Дальше произошло то, что Элизабет никогда от себя не ожидала. Этого не могло привидеться даже в самом жутком сне. Она, с силой (так что побелели костяшки пальцев) сжала солнечный зонт — трость, который ей в подарок сделал муж. И в следующий момент, орудуя ей как батогом: набросилась профессуру.
— Ах вы, нехристи! Ах, немчура поганая! Маразматики ….
Такого потока ругательств и проклятий, ещё никто и некогда от неё не слышал. Она лупила всех, до кого только могла дотянуться. А когда иностранные учителя обратились в бегство, то доставалось тем, кого она догоняла. Так гоняя своих врагов, Элизабет оказалась во внутреннем дворе, где были построены те из её школяров, кого не отчислили: перед ними, в большом костре горели учебники, написанные ей. Увиденное безобразие, только усилило её ярость, и она с большей силой стала наносить удары — избивая иностранных медиков: позволивших посягнуть на самое святое — на развитие медицины. Так она и гоняла наглецов: вызвав этим дружный хохот учеников, пока окончательно не сломался бамбуковый зонт. И группа стрельцов — прибывшая на всякий случай (для усмирения студентов), не схватили её за руки. Спасая иноземцев от дальнейшей расправы.
— Елизавета Семёновна, будет вам матушка. — Успокаивающе говорил один из удерживающих её стрельцов. — Вы и уже так хорошо дали им на ум. Будет с них.
— Так они! … — Лиза запнулась не в силах совладать с собственным голосом.
— Мы всё знаем матушка. — Также тихо, сказал другой воин. Но ни приведи господь, кого-то насмерть пришибёте, не стоят они того.
После этих слов, на Лизу накатила сильнейшая усталость, казалось не осталось сил даже на то чтобы передвигать ноги. Вокруг ещё чего-то говорили, затем её куда-то повели, но это уже ничего не значило.
Апатия начала проходить, когда за ней с грохотом задвинули засов. И молодая женщина, осознала, что находится в тёмной сырой камере, со сводчатым потолком. Под ногами у неё находится подстилка из гнилой соломы, а единственный источник слабого света — это небольшое зарешеченное окошко, находящееся почти под самым потолком. Она, с ужасом осмотрела место своего заточения, пощупала руками влажные стены и обречённо села в дальнем углу. Разреветься навзрыд ей не давало воспитание, но слёзы обиды, сами собой обильно потекли по её щёкам. Благо рядом никого не было, и никто не мог этого видеть.
Примерно через три часа — не меньше, послышались чьи-то шаги, по мере приближения, они становились громче и отчётливее. Когда они поравнялись с дверью её темницы, то остановились и снова с шумом сдвинулся засов. Кто-то пока невидимый, потихоньку открыл дверь, и его неразборчивый в темноте силуэт перешагнул через порог.
— Елизавета Семёновна, как вы тут сердечная? — Поинтересовался вошедший.
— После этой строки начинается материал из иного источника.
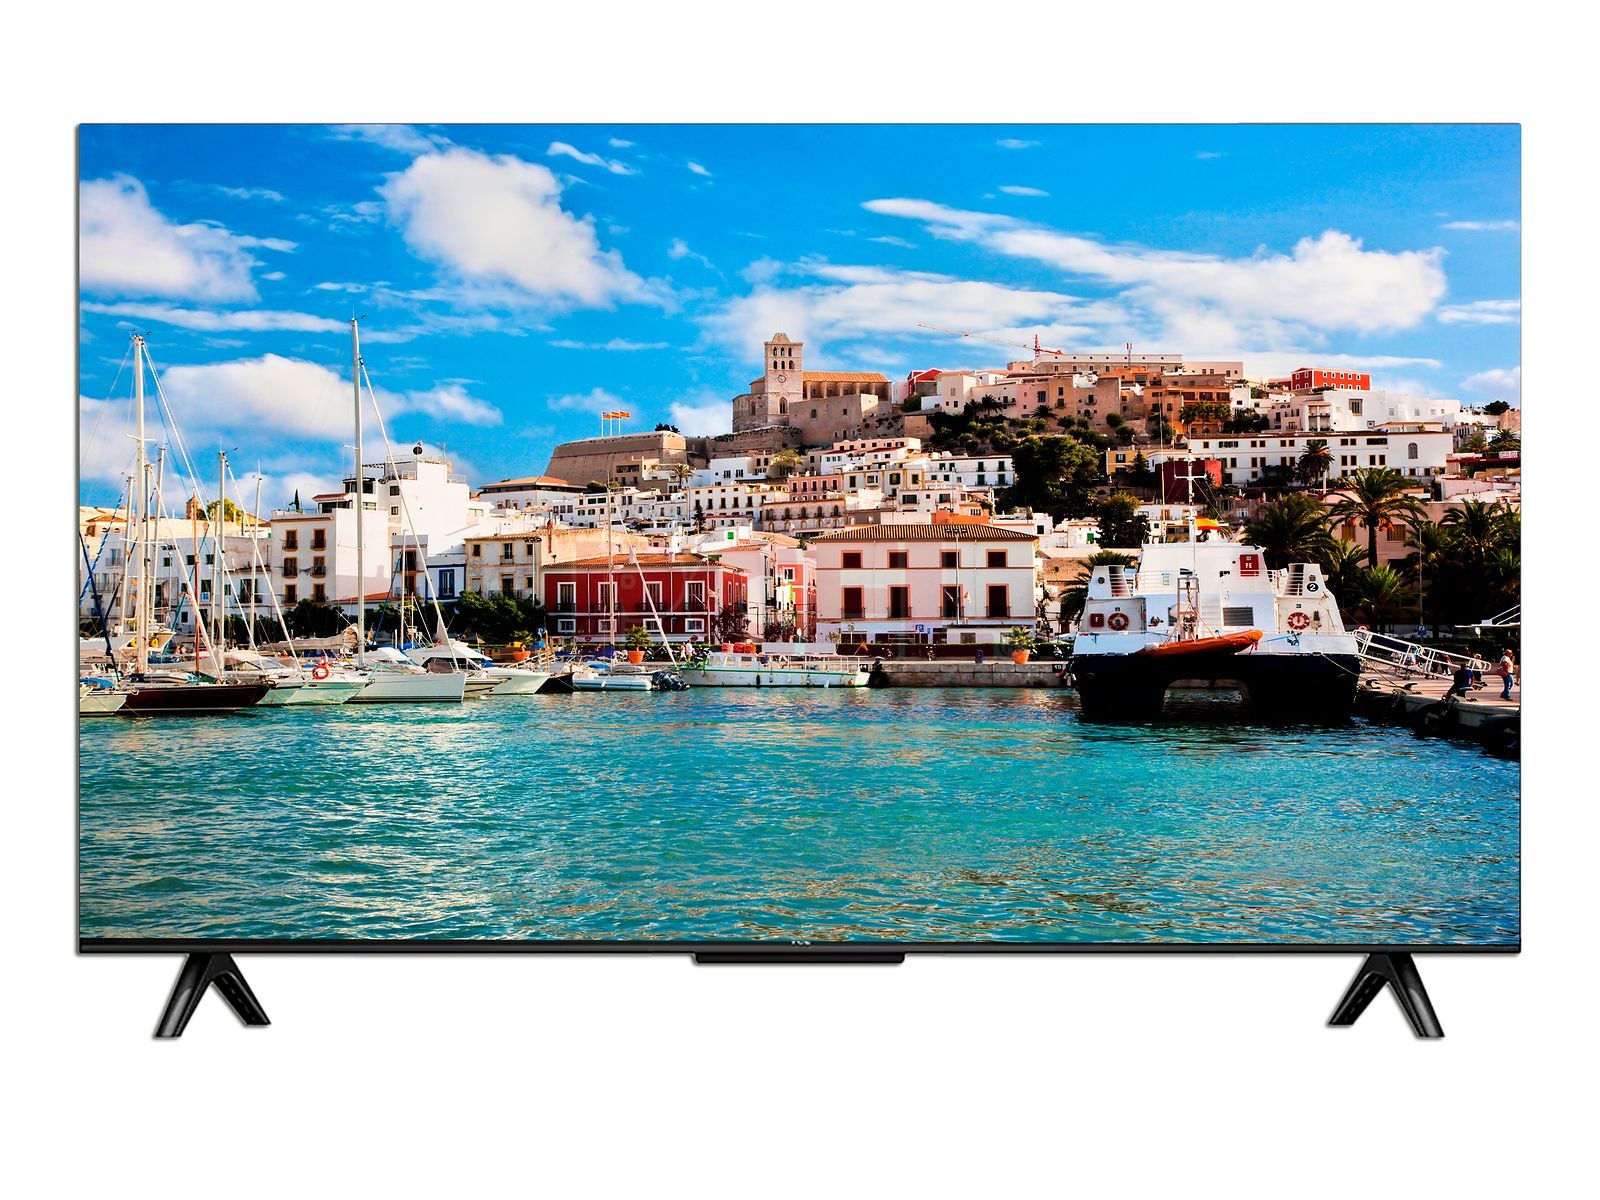 Televisión TCL LED Smart TV de 55, Resolución 3840 x 2160 (Ultra

— Слава богу, неплохо. Только зябко немного.
— Голубушка тут я вам тулупчик принёс, не побрезгуйте матушка. И в горшке, ботвиньи с рыбкой принёс и хлебца немного он свежий, сегодня выпечен. Позднее кваска принесу и сухой тюфячок. Вы только не обижайтесь на нас, за то, что вас сюда посадили. Но мы на службе, а вы таким смертным боем немчуру гоняли. Вот они и вытребовали для вас это заточение. Как суд будет, мы все за вас слово своё скажем, а не поможет, так в набат ударим.
— Спасибо тебе, прости, не знаю, как к тебе обращаться.
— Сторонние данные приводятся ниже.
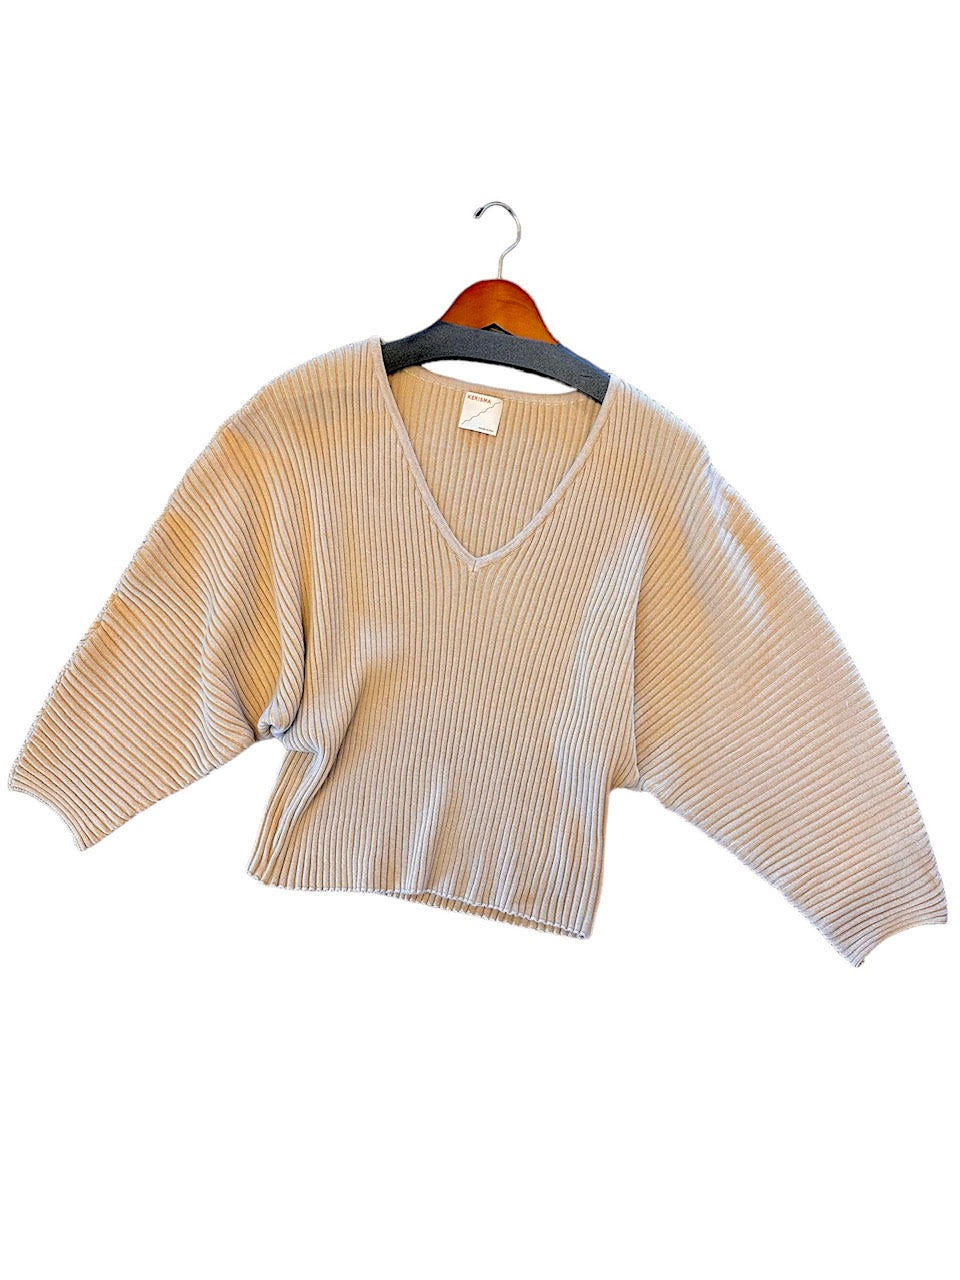 Keke Sweater in tahini by Kerisma

— Так Егорка я, Иванов сын. — По голосу можно было понять, что говоривший мужчина немного смутился.
— Благодарю тебя Егор Иванович, в век твоё добро не забуду.
— Не стоит, благодетельница ты наша, чем можем, тем тебе и поможем. — Сказал он, выходя из камеры и закрывая дверь.
Ботвинья была ещё тёплая, густая и наваристая. Не смотря на то, что Елизавета проголодалась, ела она, не спеша — по-другому не позволяло воспитание. Тем более, принесённый стрельцом тулуп, начал уже согревать. Благодаря чему, ситуация в которой она оказалась, воспринималась уже не столь критично. Узница даже начала немного дремать, когда снова услышала звук отодвигаемого засова запирающего дверь её темницы.
— Елизавета Семёновна, не пугайтесь это мы.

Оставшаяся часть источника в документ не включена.